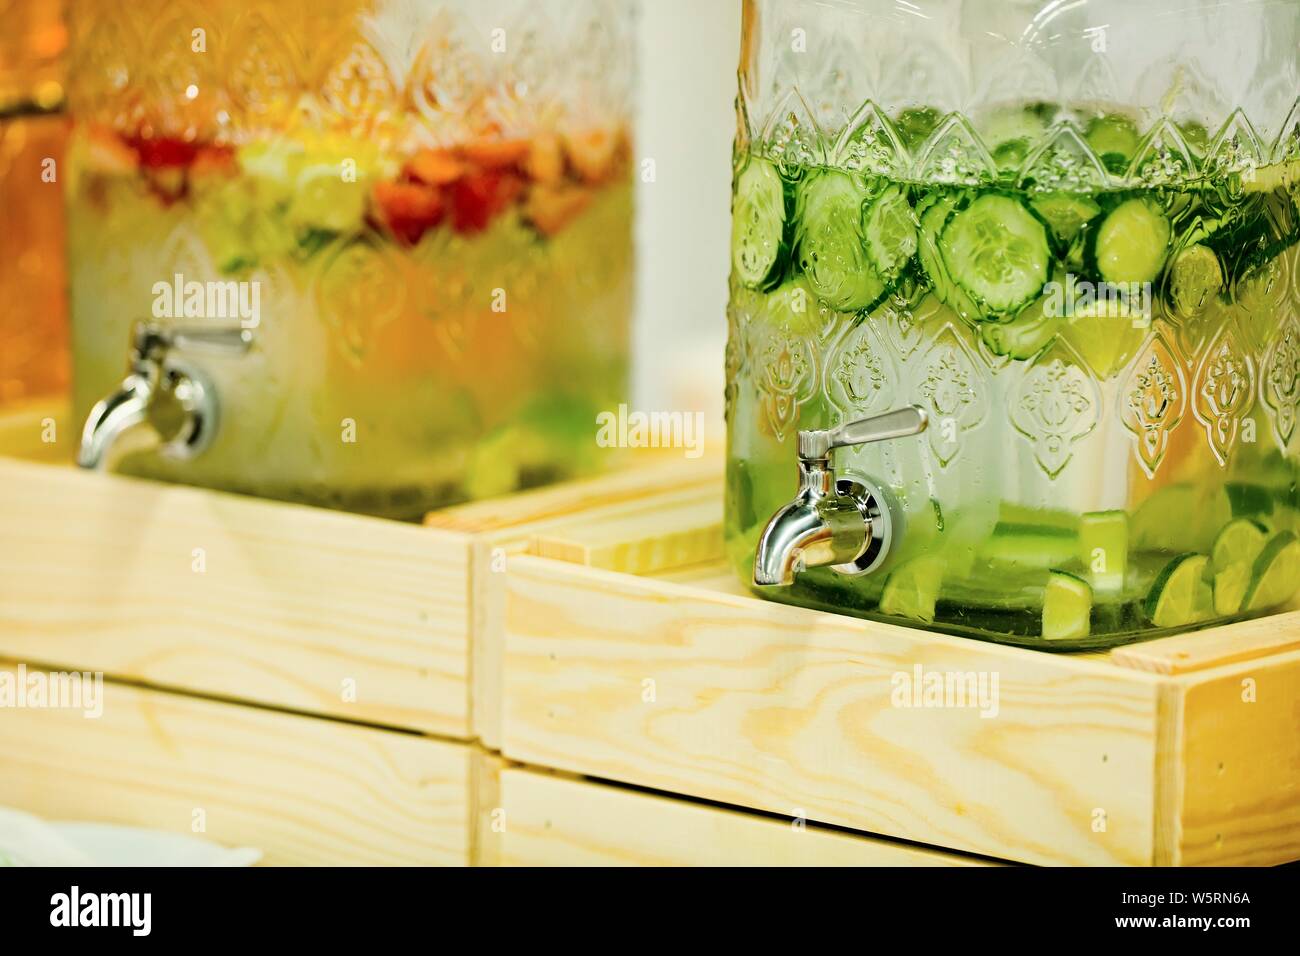 Détail sur les fruits et légumes, des boissons dans les distributeurs de boissons grand verre à eau d'une pièce, avec des concombres, des fraises et des limes en verre avec réservoir Banque D'Images
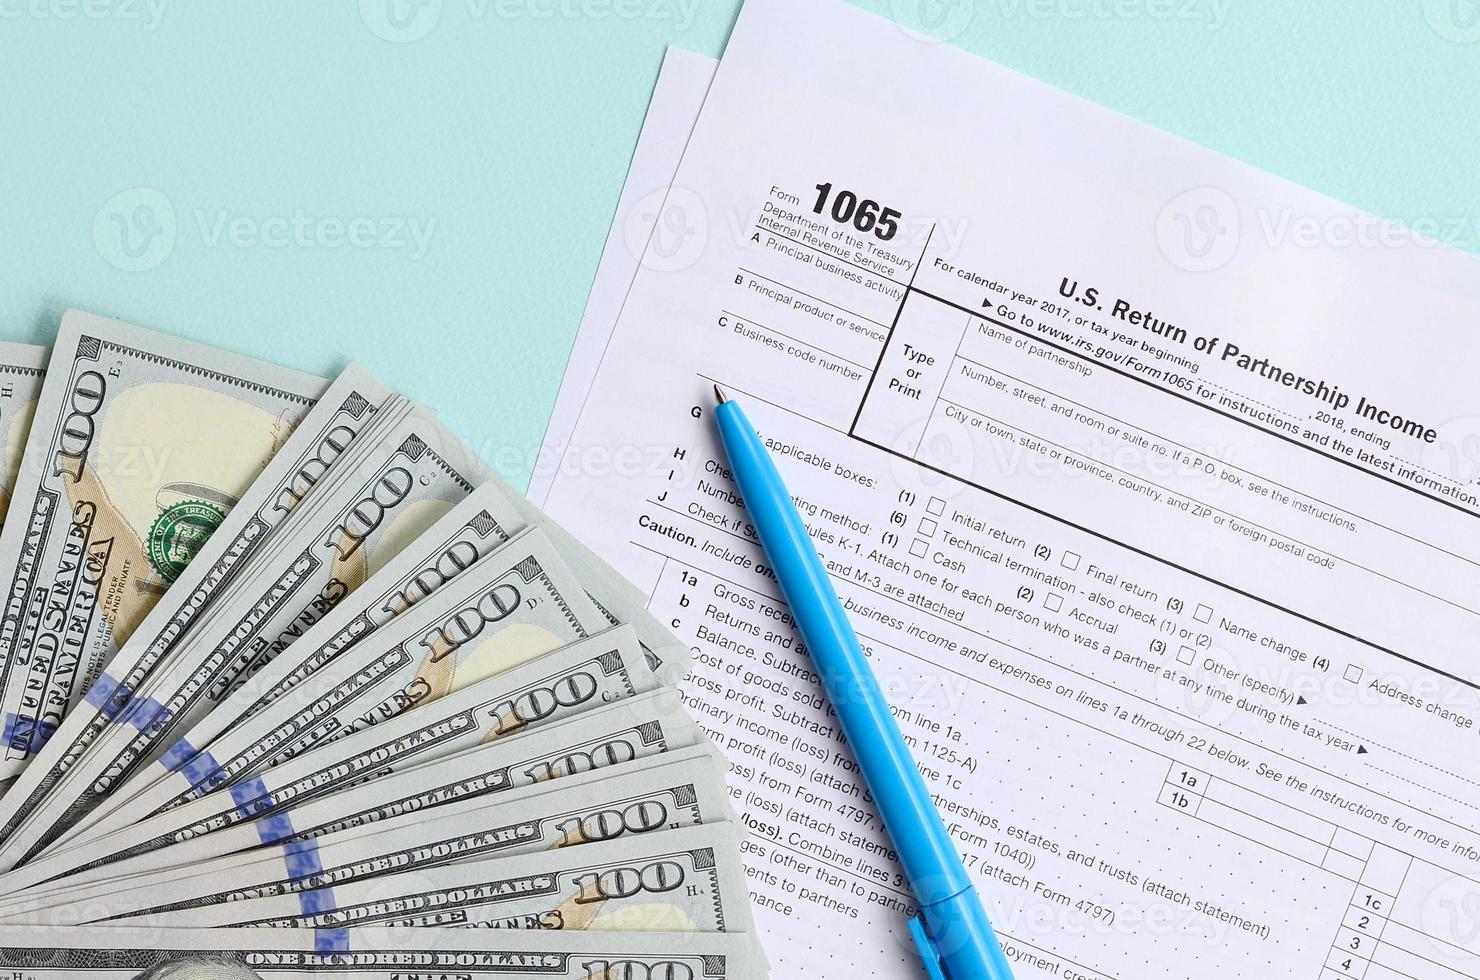 1065 Steuerformular liegt in der Nähe von Hundert-Dollar-Scheinen und blauem Stift auf hellblauem Hintergrund. uns für Elternschaftseinkommen zurückgeben foto
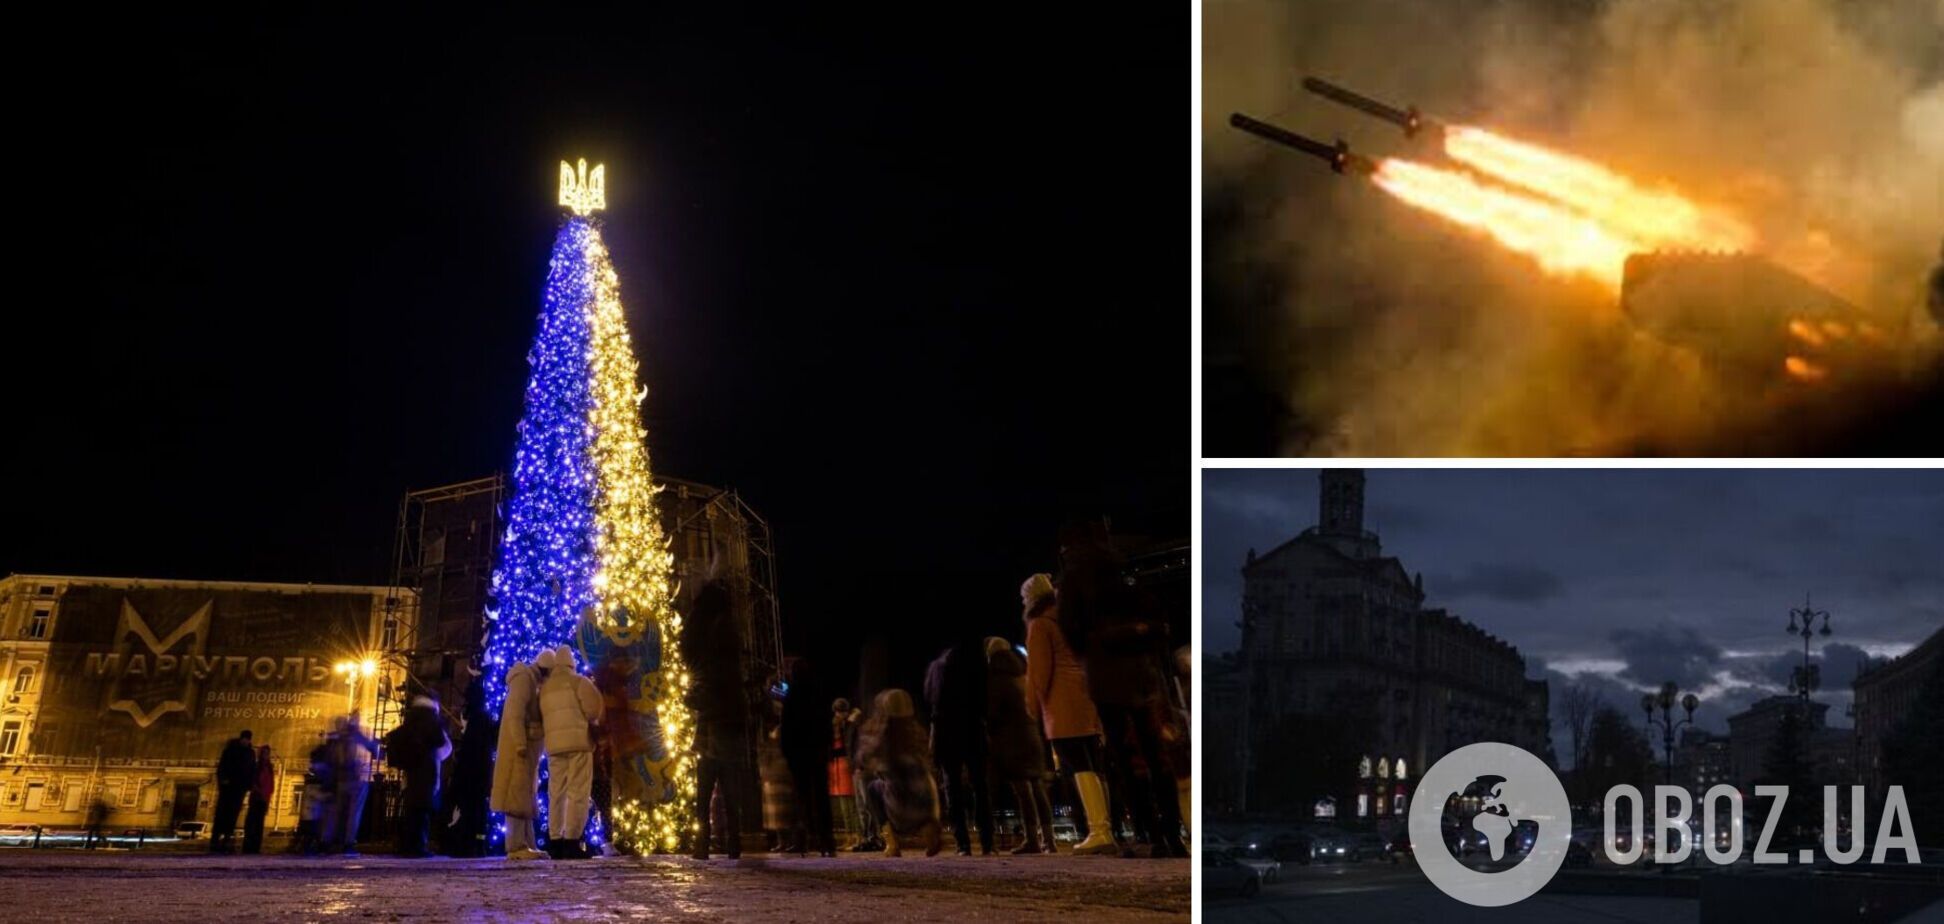 Россия еще может сделать так, чтобы Новый год мы встречали в темноте, – Зеленский о возможных новых атаках
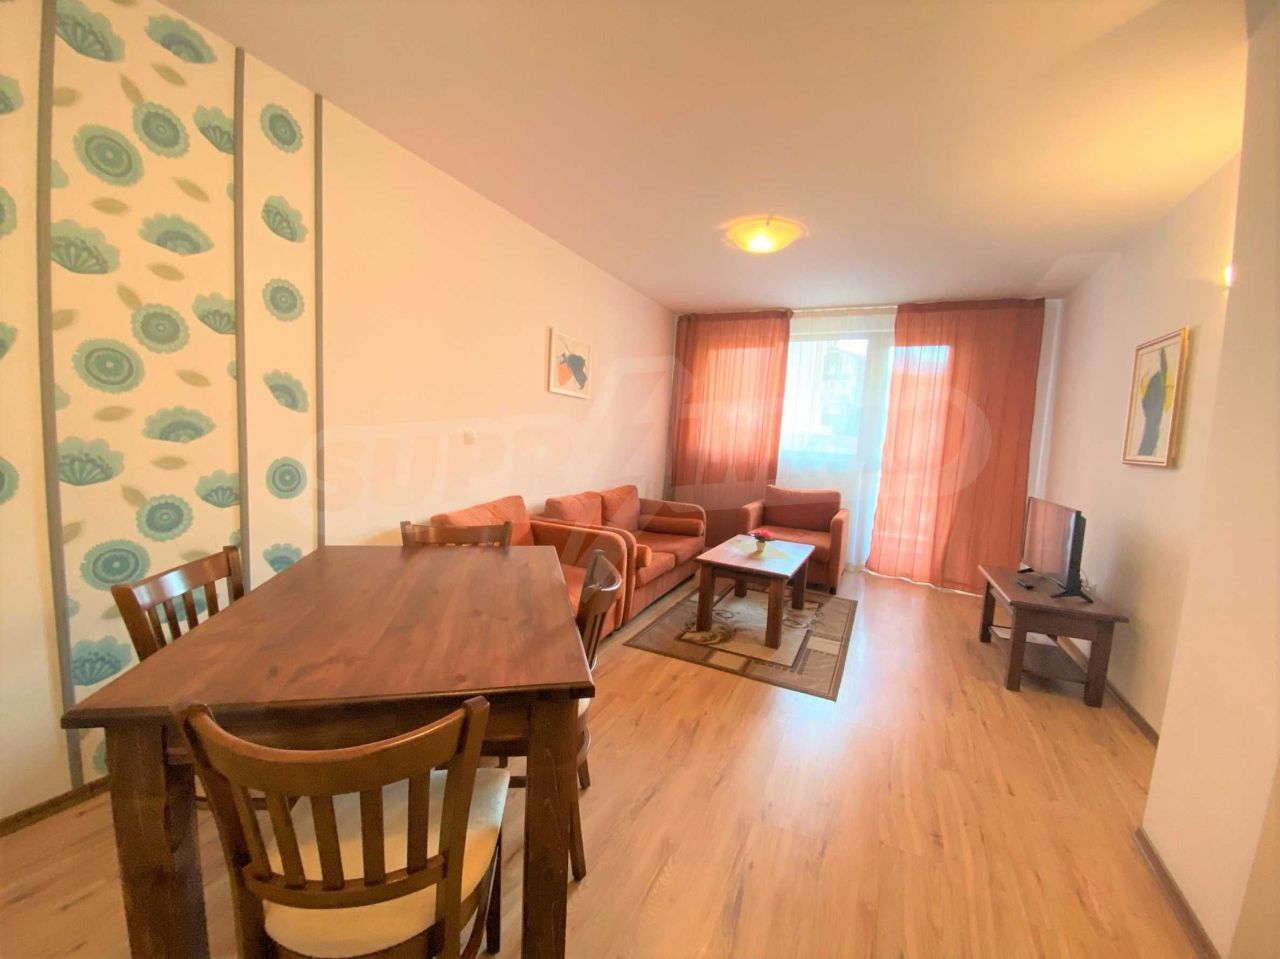 Apartment in Bansko, Bulgaria, 67.14 sq.m - picture 1

== EXERCISE ==
Restate the data word for word, minus any images.

== ANSWER FOR THIS EXERCISE ==
 Détail sur les fruits et légumes, des boissons dans les distributeurs de boissons grand verre à eau d'une pièce, avec des concombres, des fraises et des limes en verre avec réservoir Banque D'Images
 1065 Steuerformular liegt in der Nähe von Hundert-Dollar-Scheinen und blauem Stift auf hellblauem Hintergrund. uns für Elternschaftseinkommen zurückgeben foto
 Россия еще может сделать так, чтобы Новый год мы встречали в темноте, – Зеленский о возможных новых атаках
 Apartment in Bansko, Bulgaria, 67.14 sq.m - picture 1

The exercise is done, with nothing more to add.